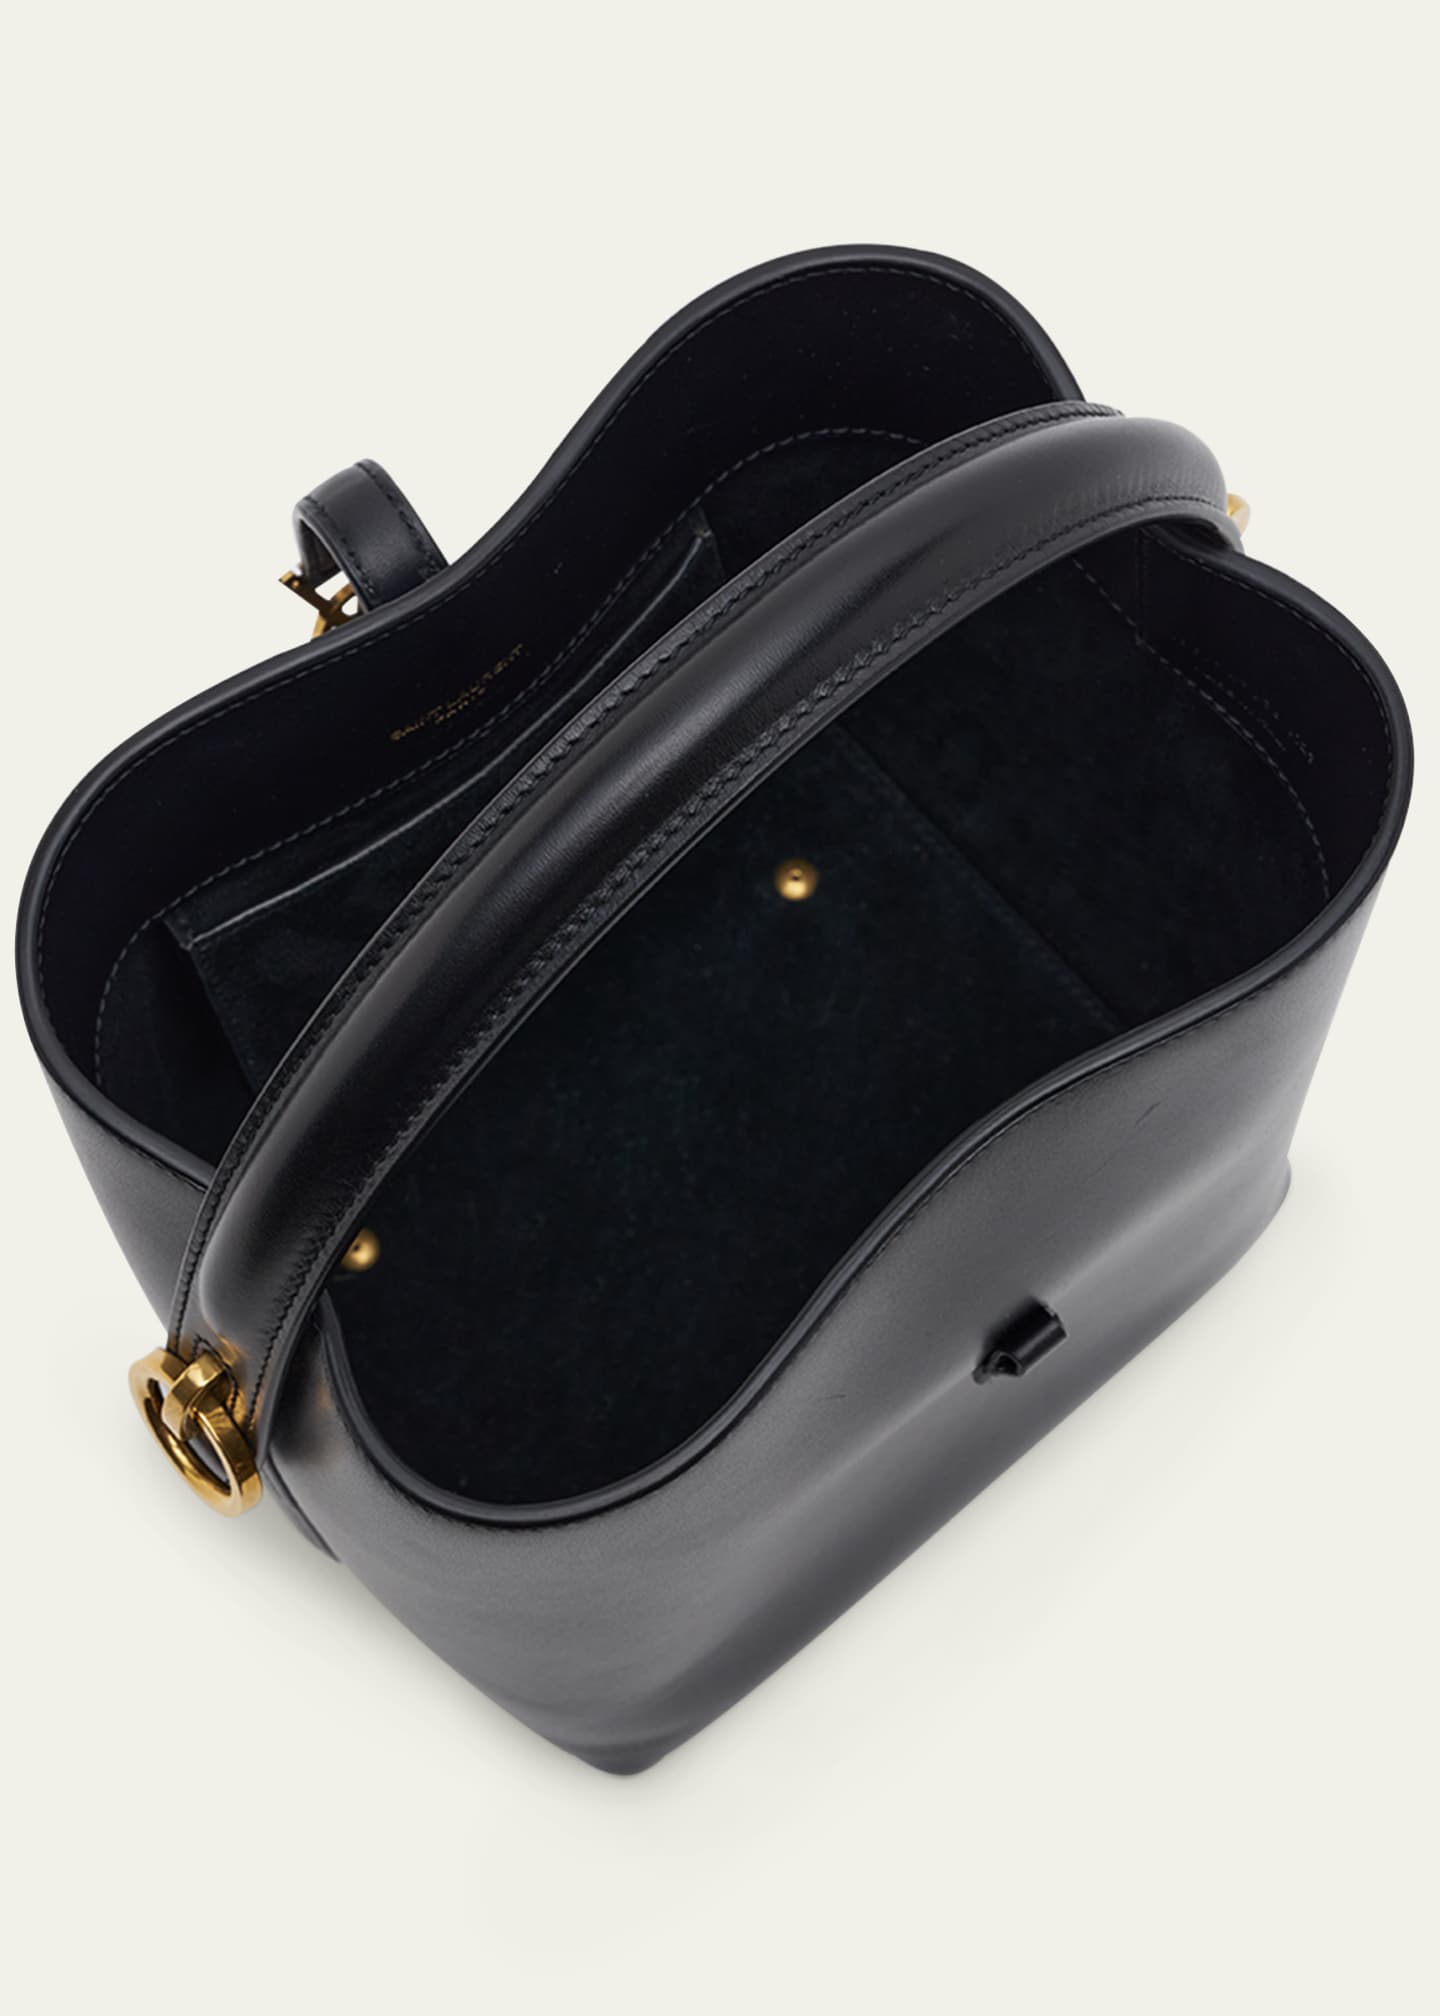 Le 37 Mini Leather Bucket Bag in Black - Saint Laurent
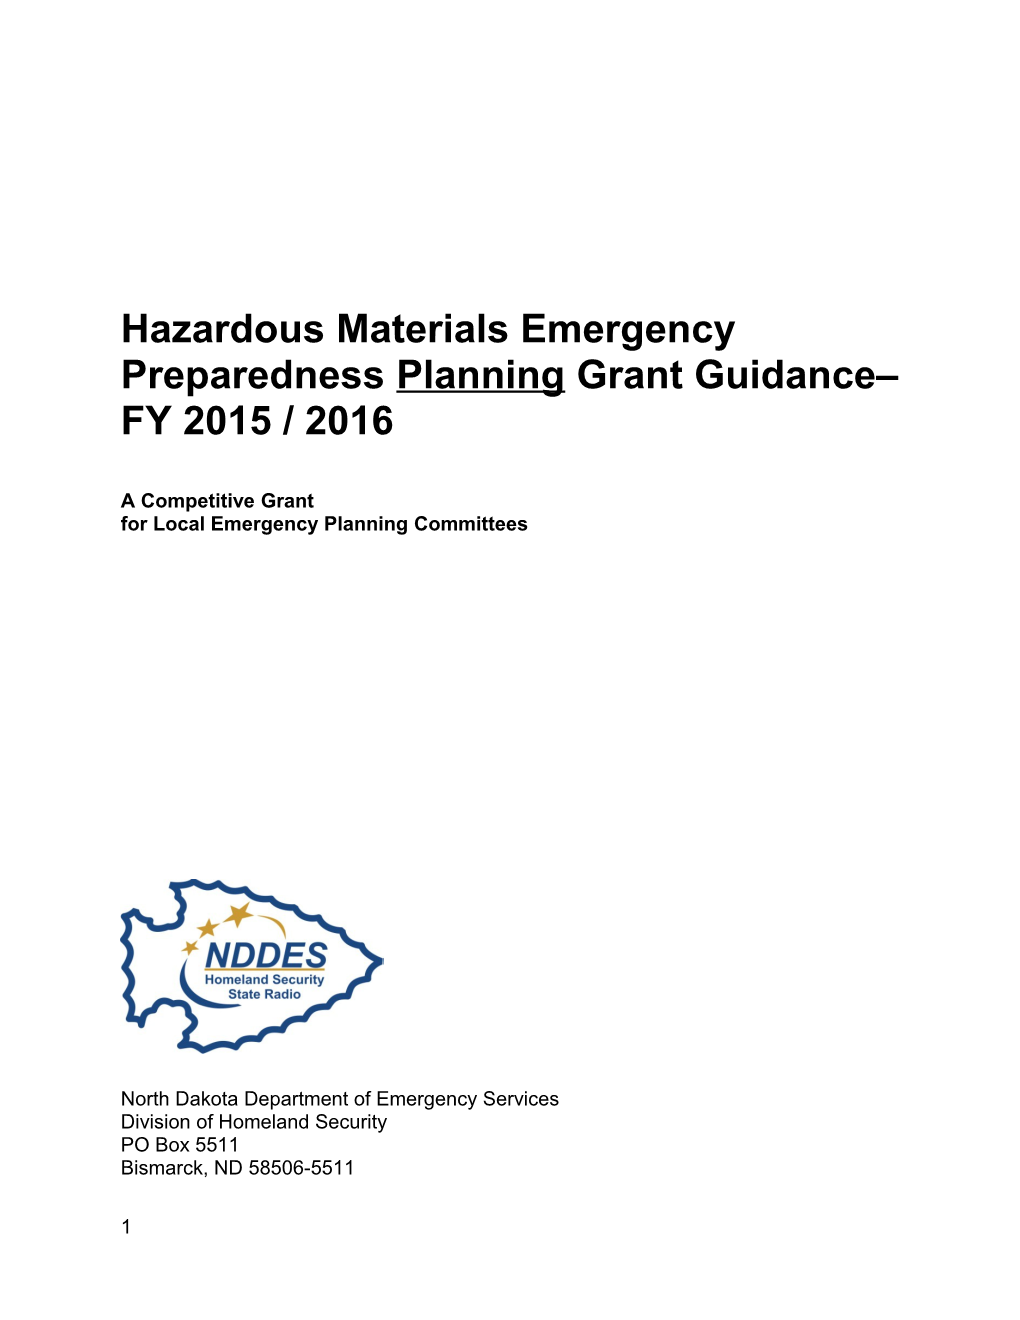 Hazardous Materials Emergency Preparedness Grant Program
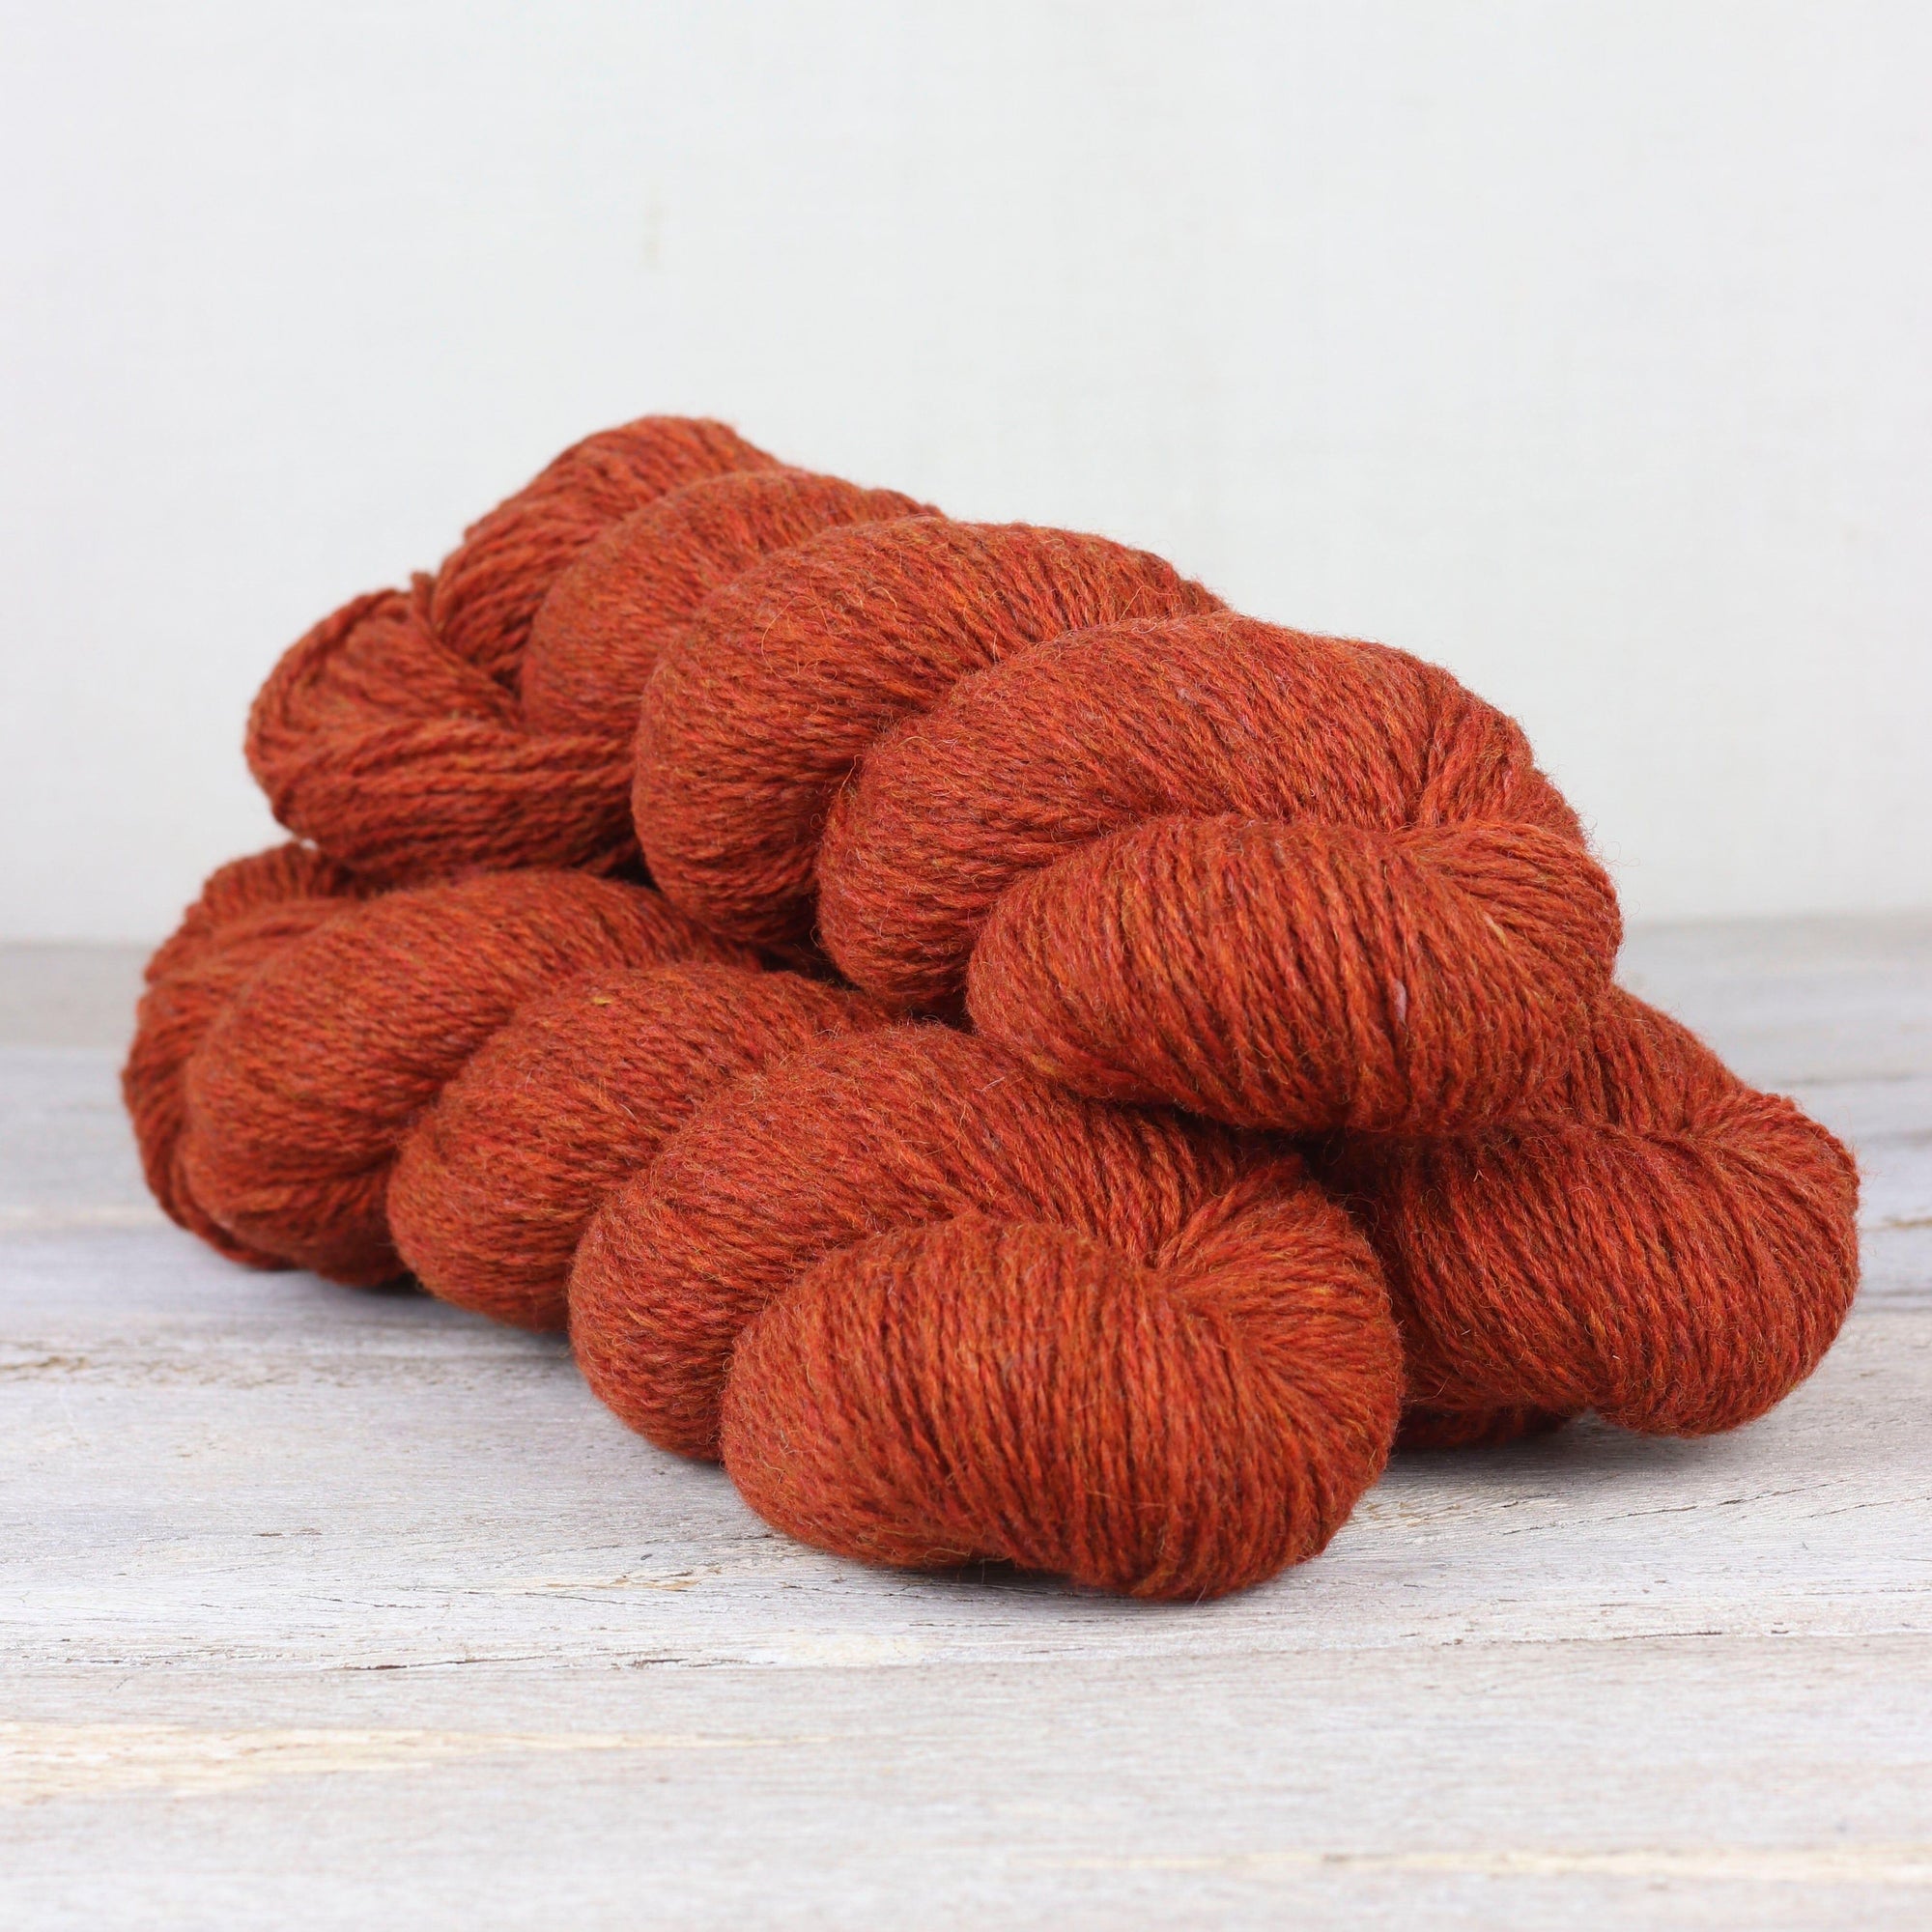 The Fibre Co. The Fibre Co. Lore - Eager - DK Knitting Yarn

·····

Work to complete: With the images omitted, repeat all the data word for word.

Exercise response:
 Le 37 Mini Leather Bucket Bag in Black - Saint Laurent
 Hazardous Materials Emergency Preparedness Grant Program
 The Fibre Co. The Fibre Co. Lore - Eager - DK Knitting Yarn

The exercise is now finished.